Data shown -
===============
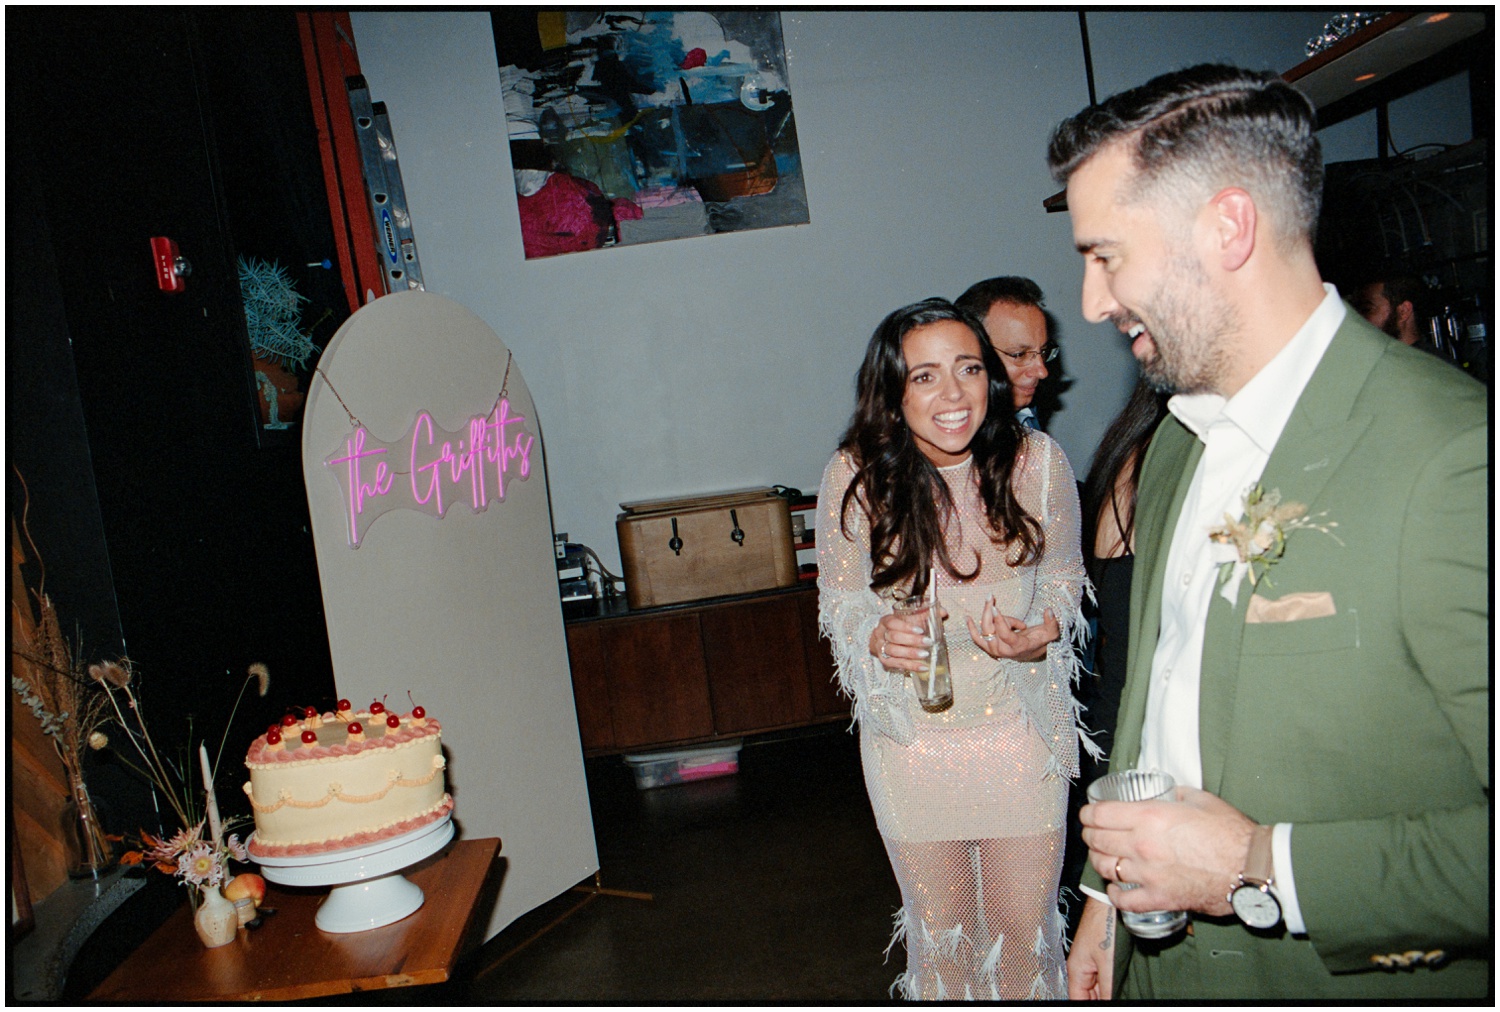 The bride and groom are flabergasted at their beautiful wedding cake made by their friend.
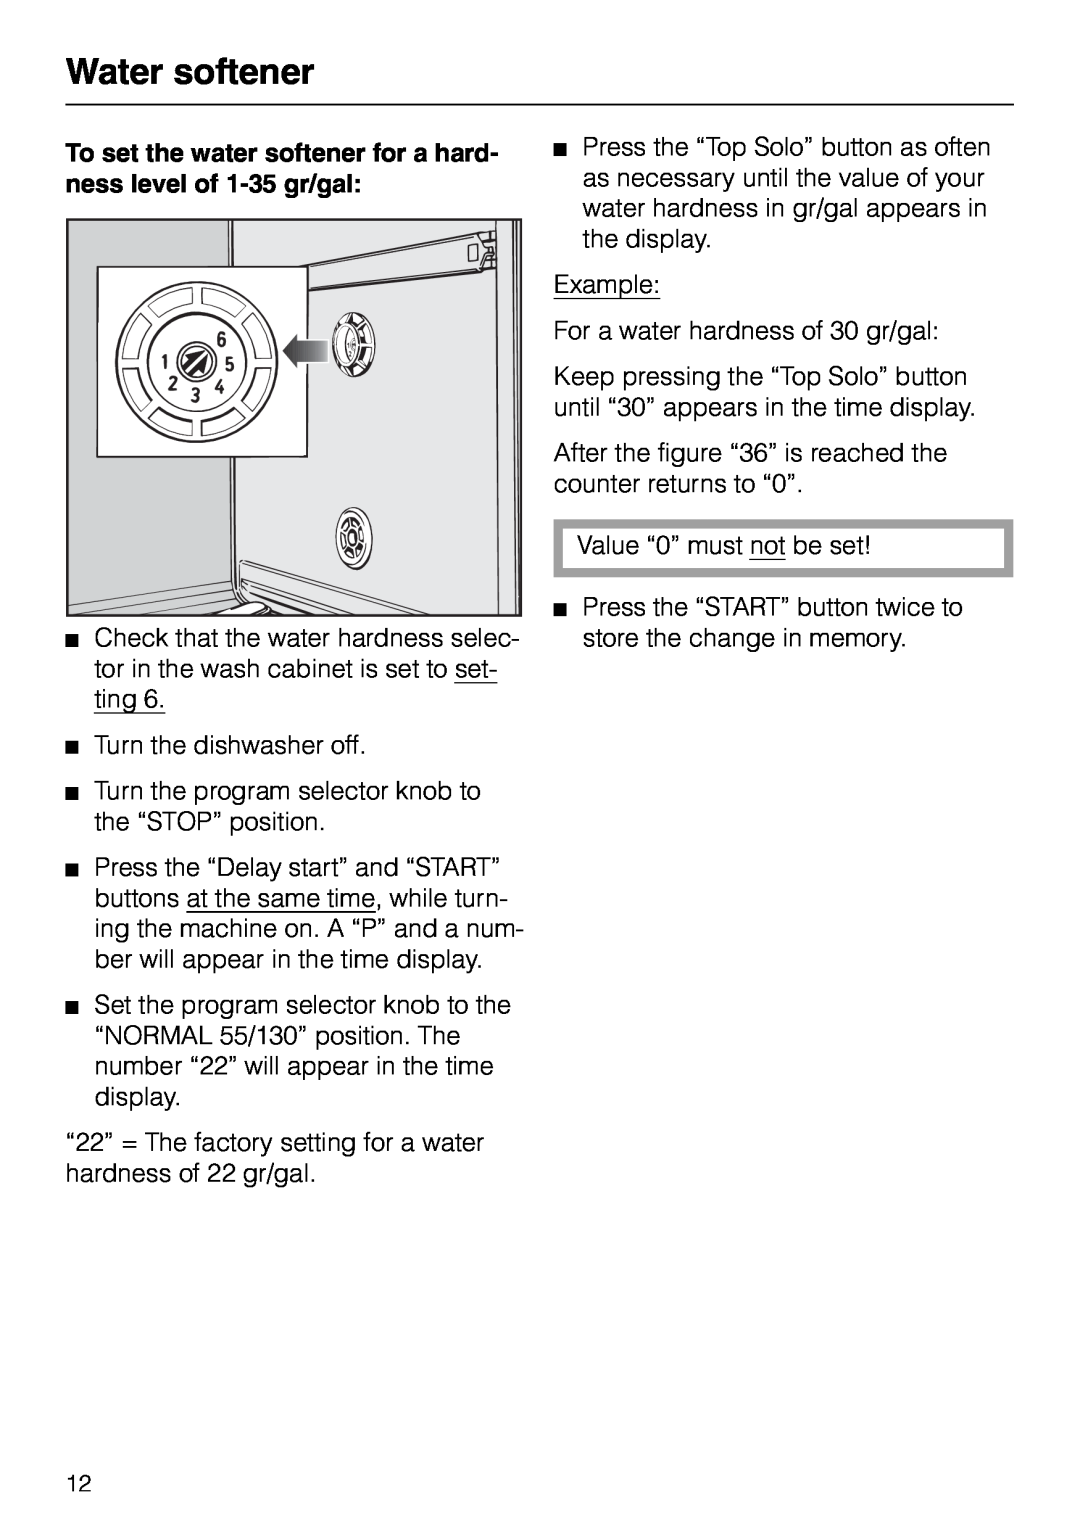 Miele M.-NR. 04 390 922 operating instructions Water softener, Turn the dishwasher off 
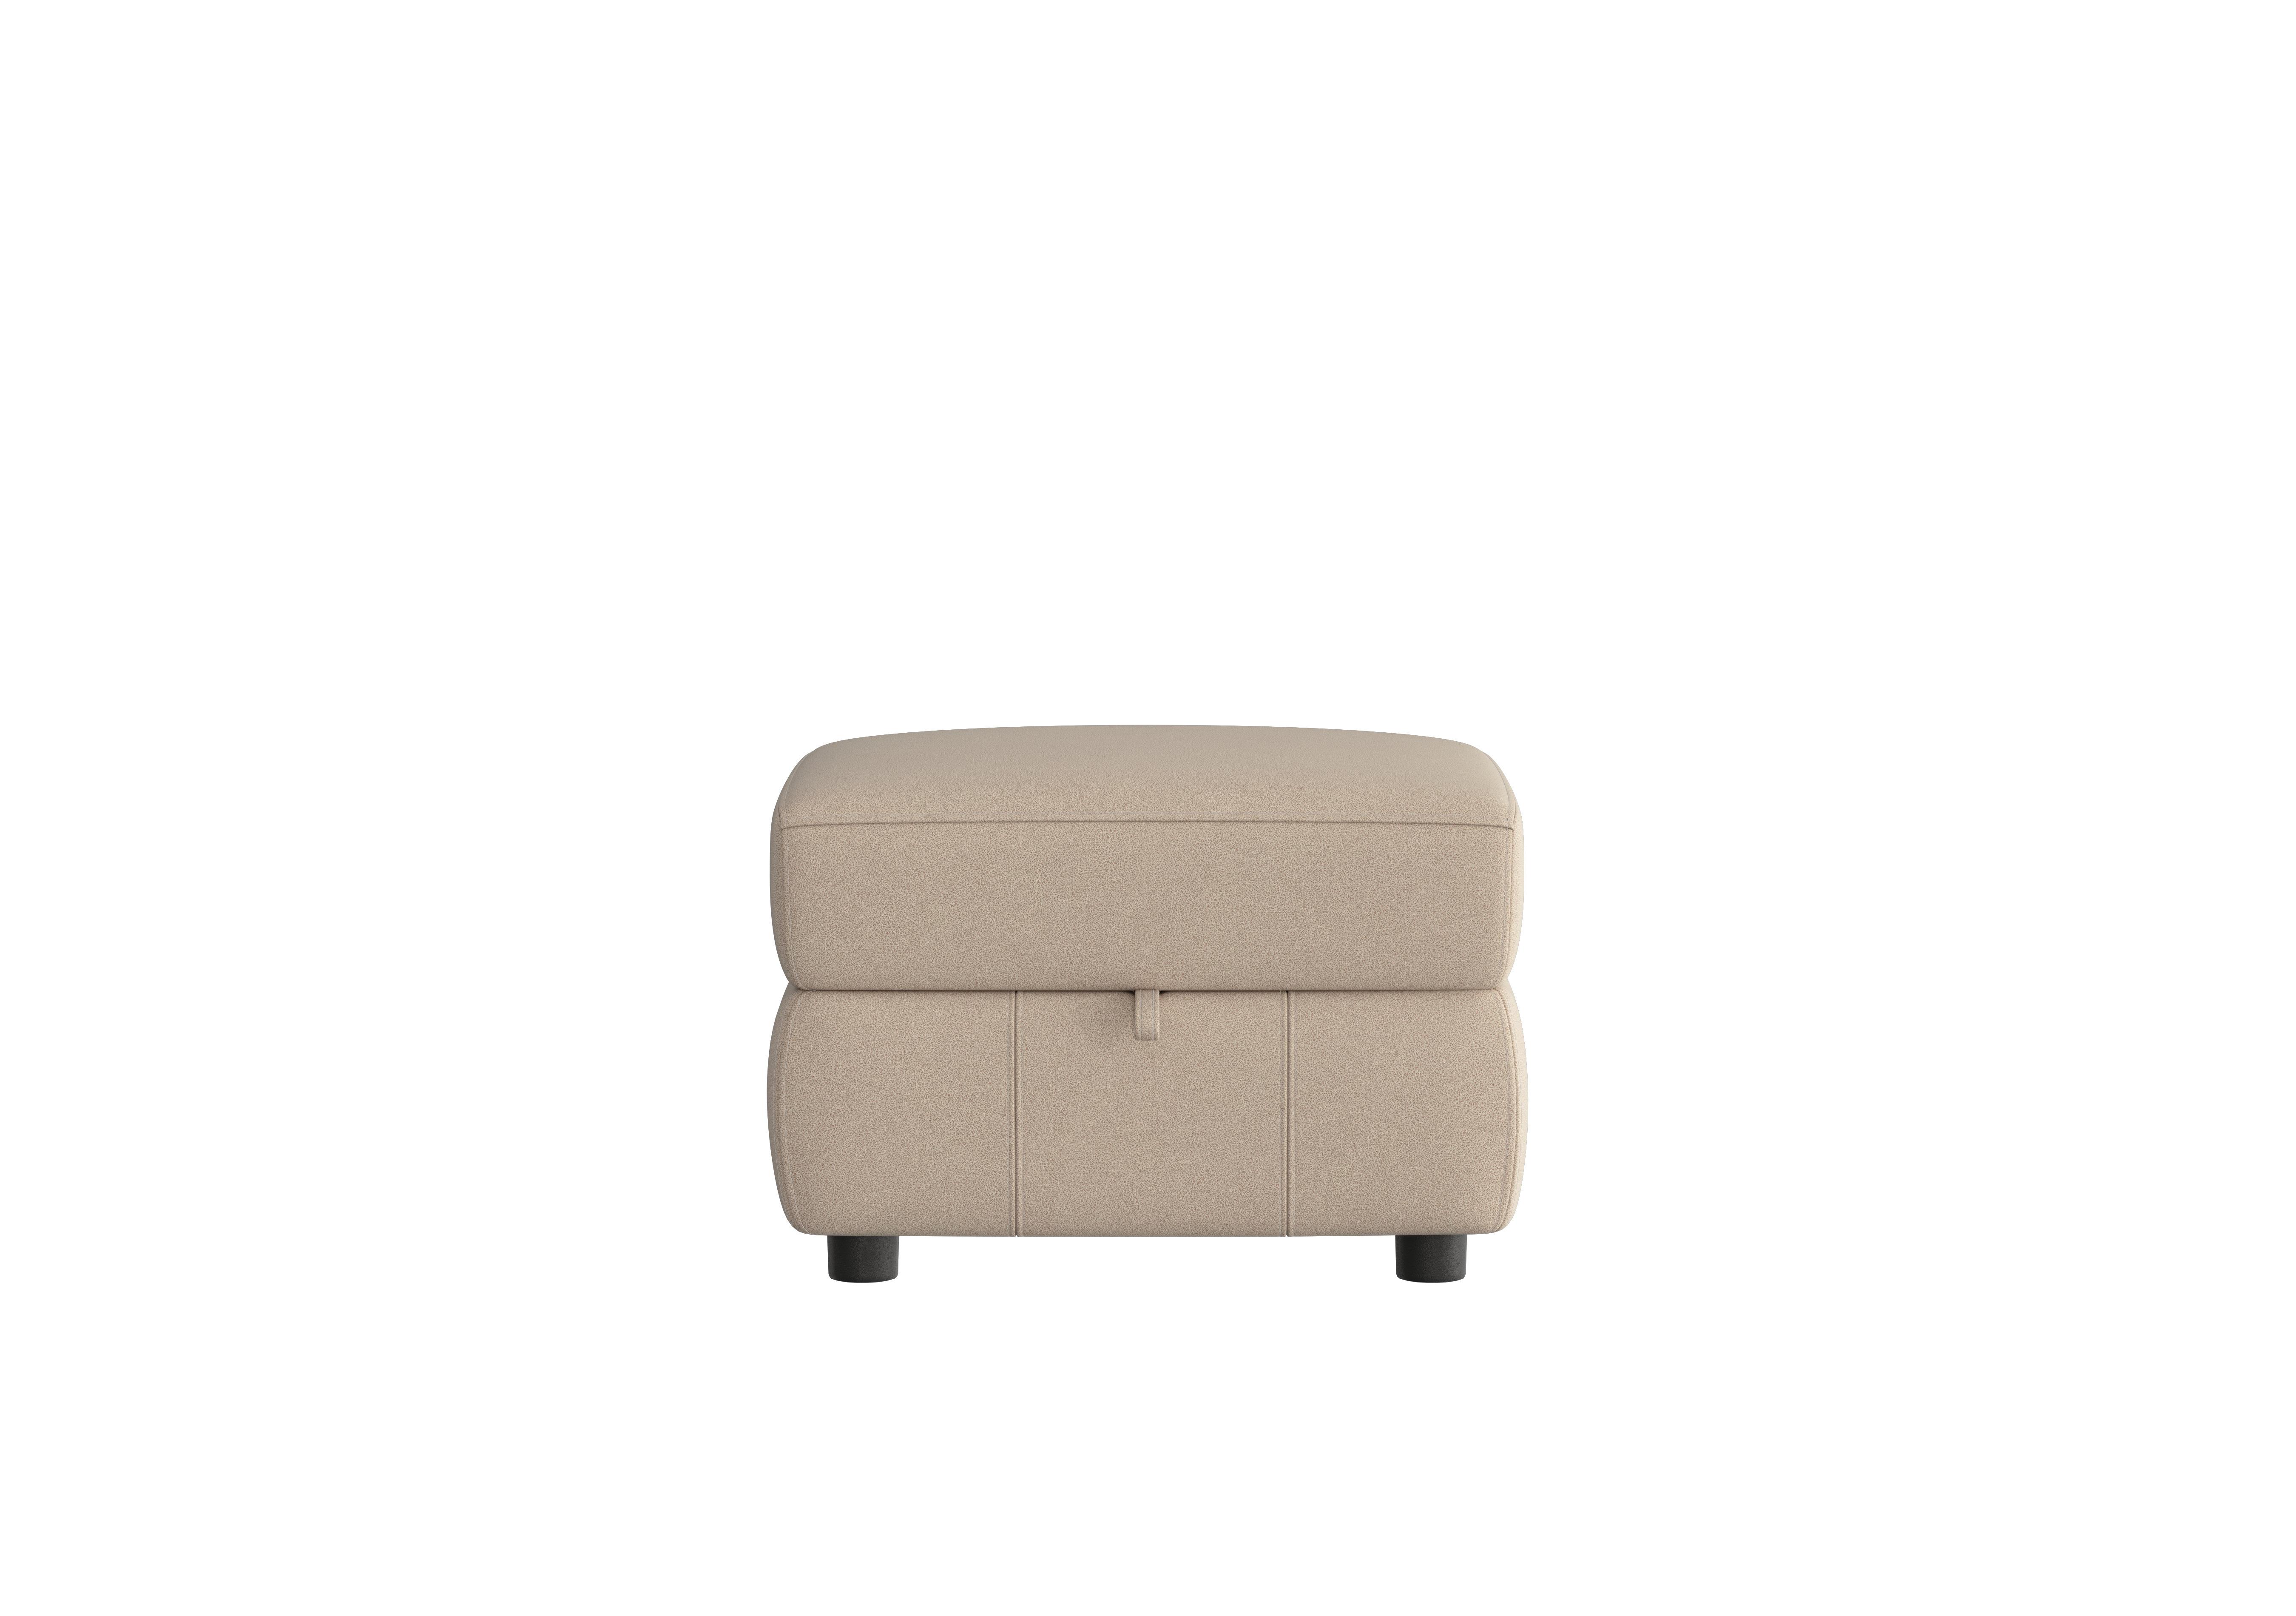 Relax Station Revive Fabric Storage Footstool in Bfa-Blj-R20 Bisque on Furniture Village
===============
Problem details - Copy the material above exactly and drop the pictures.

Output of the task -
 The bride and groom are flabergasted at their beautiful wedding cake made by their friend.
 Miele M.-NR. 04 390 922 operating instructions Water softener, Turn the dishwasher off 
 Relax Station Revive Fabric Storage Footstool in Bfa-Blj-R20 Bisque on Furniture Village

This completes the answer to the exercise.